§ Exercise requirements:
In the records below, the relevant part opens with the line containing "2012 Honda Accord" and closes with the line containing "AT&T Two-Tone Shield"; print that part exactly and only, without its pictures.

§ Data to use:
BEGIN

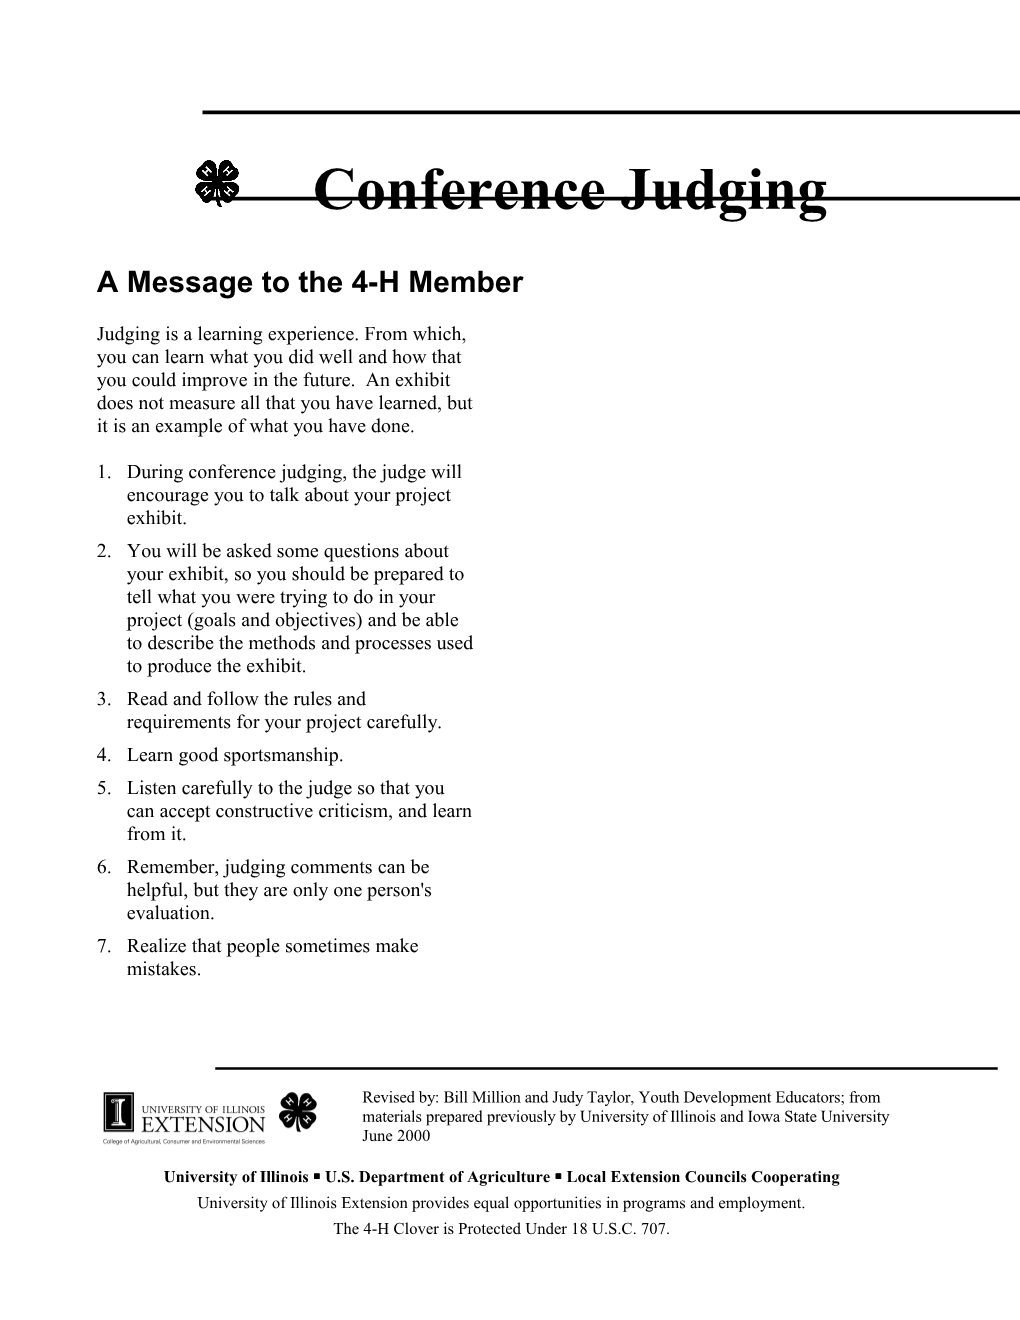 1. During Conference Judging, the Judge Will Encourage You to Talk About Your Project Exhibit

END
BEGIN

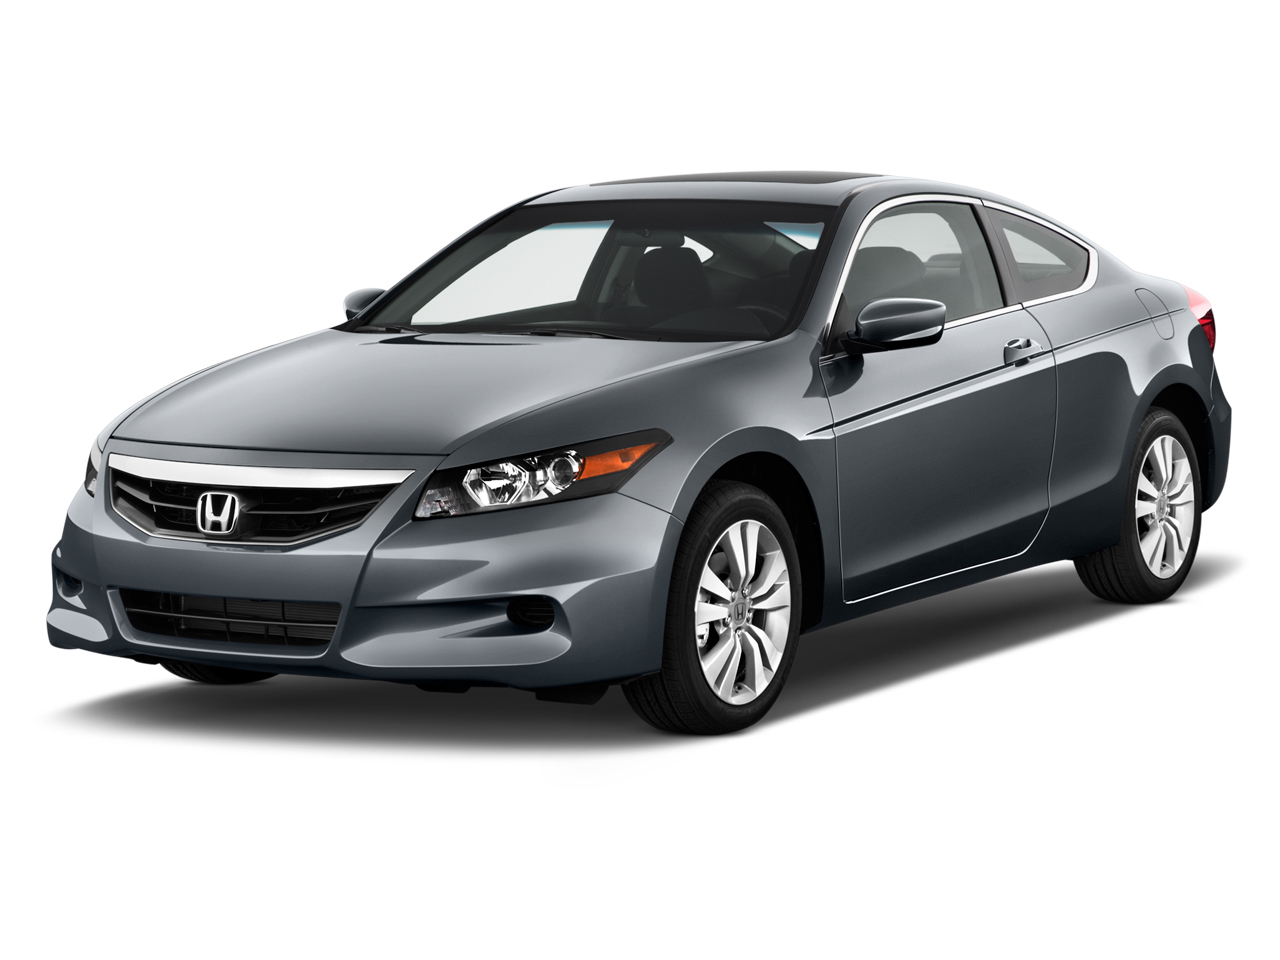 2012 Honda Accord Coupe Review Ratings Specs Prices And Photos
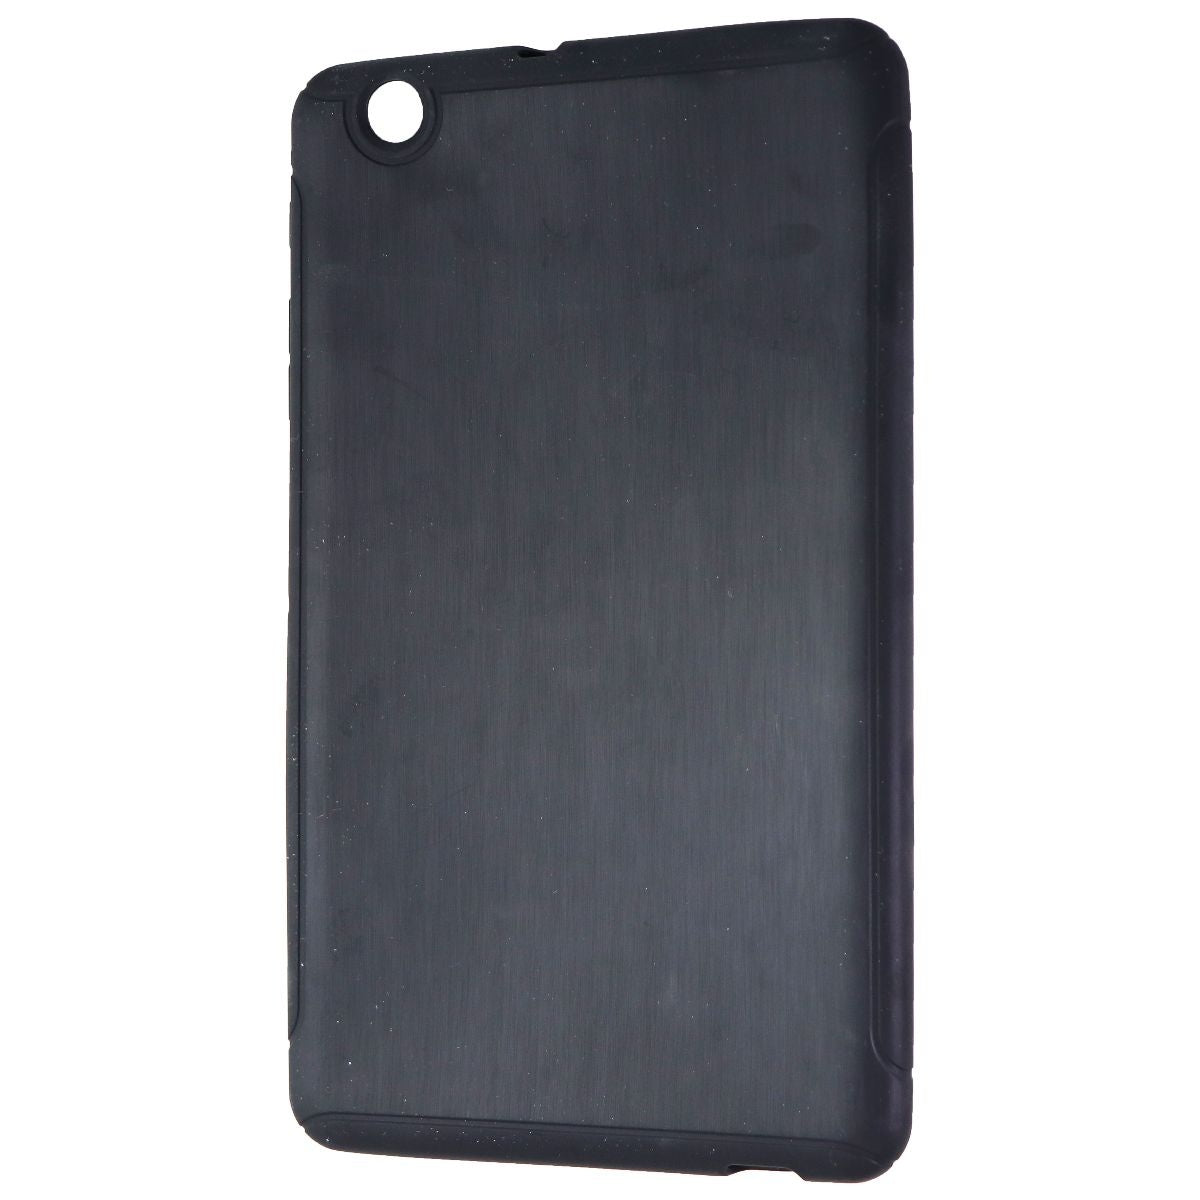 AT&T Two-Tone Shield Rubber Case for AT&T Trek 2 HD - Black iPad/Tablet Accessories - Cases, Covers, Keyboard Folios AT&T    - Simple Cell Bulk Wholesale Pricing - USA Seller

END
BEGIN

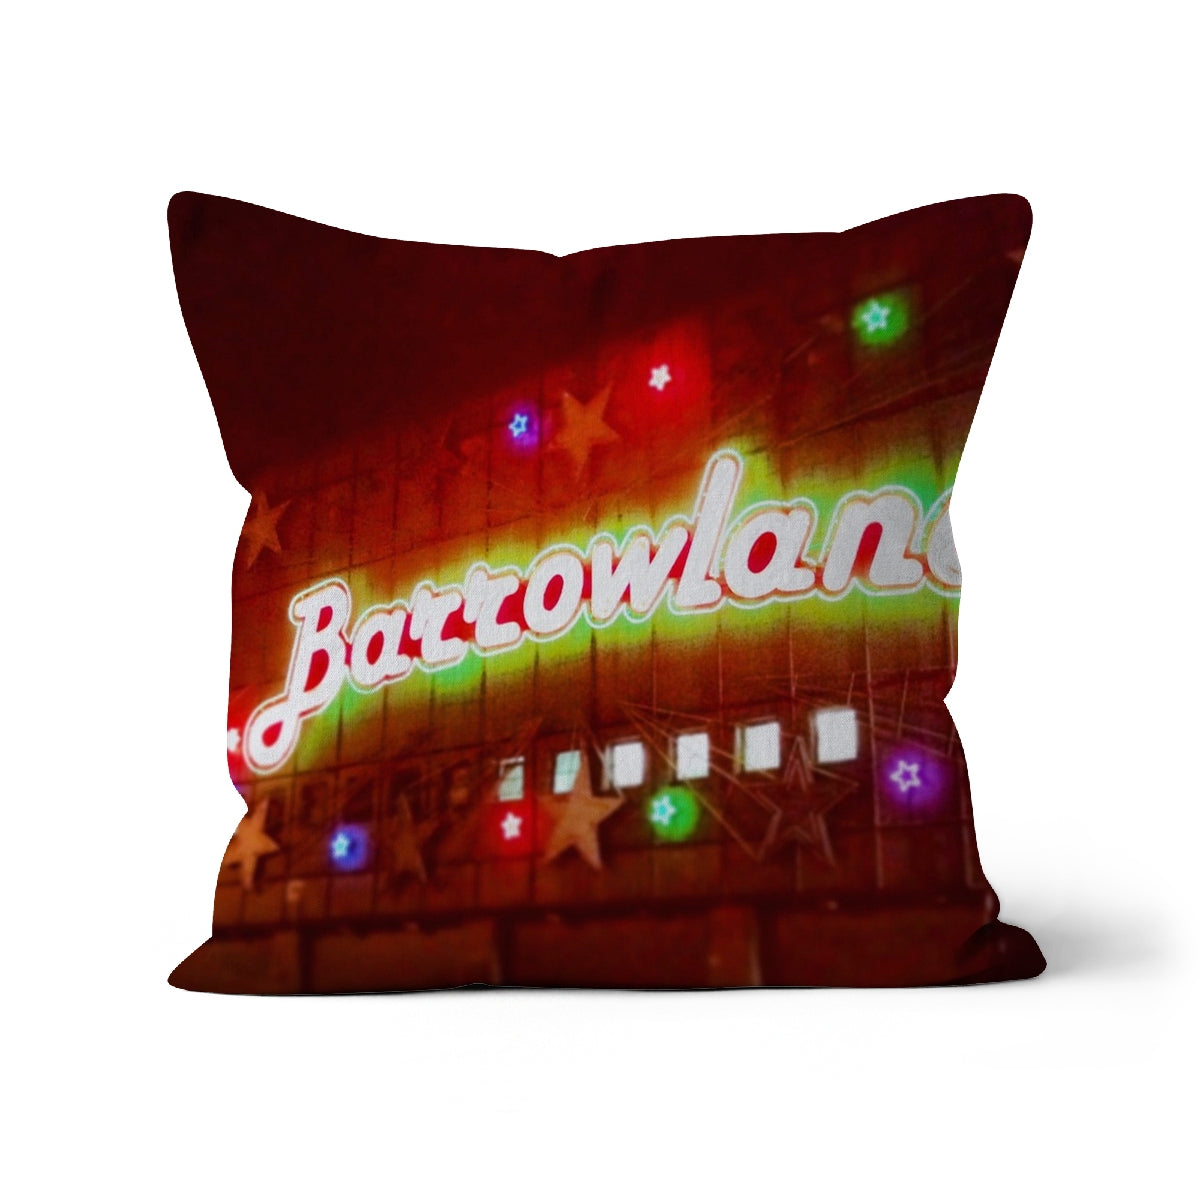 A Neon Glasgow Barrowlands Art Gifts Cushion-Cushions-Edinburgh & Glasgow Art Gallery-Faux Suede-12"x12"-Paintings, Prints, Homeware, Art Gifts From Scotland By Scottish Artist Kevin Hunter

END

§ Answer to this exercise:
 2012 Honda Accord Coupe Review Ratings Specs Prices And Photos
 AT&T Two-Tone Shield Rubber Case for AT&T Trek 2 HD - Black iPad/Tablet Accessories - Cases, Covers, Keyboard Folios AT&T    - Simple Cell Bulk Wholesale Pricing - USA Seller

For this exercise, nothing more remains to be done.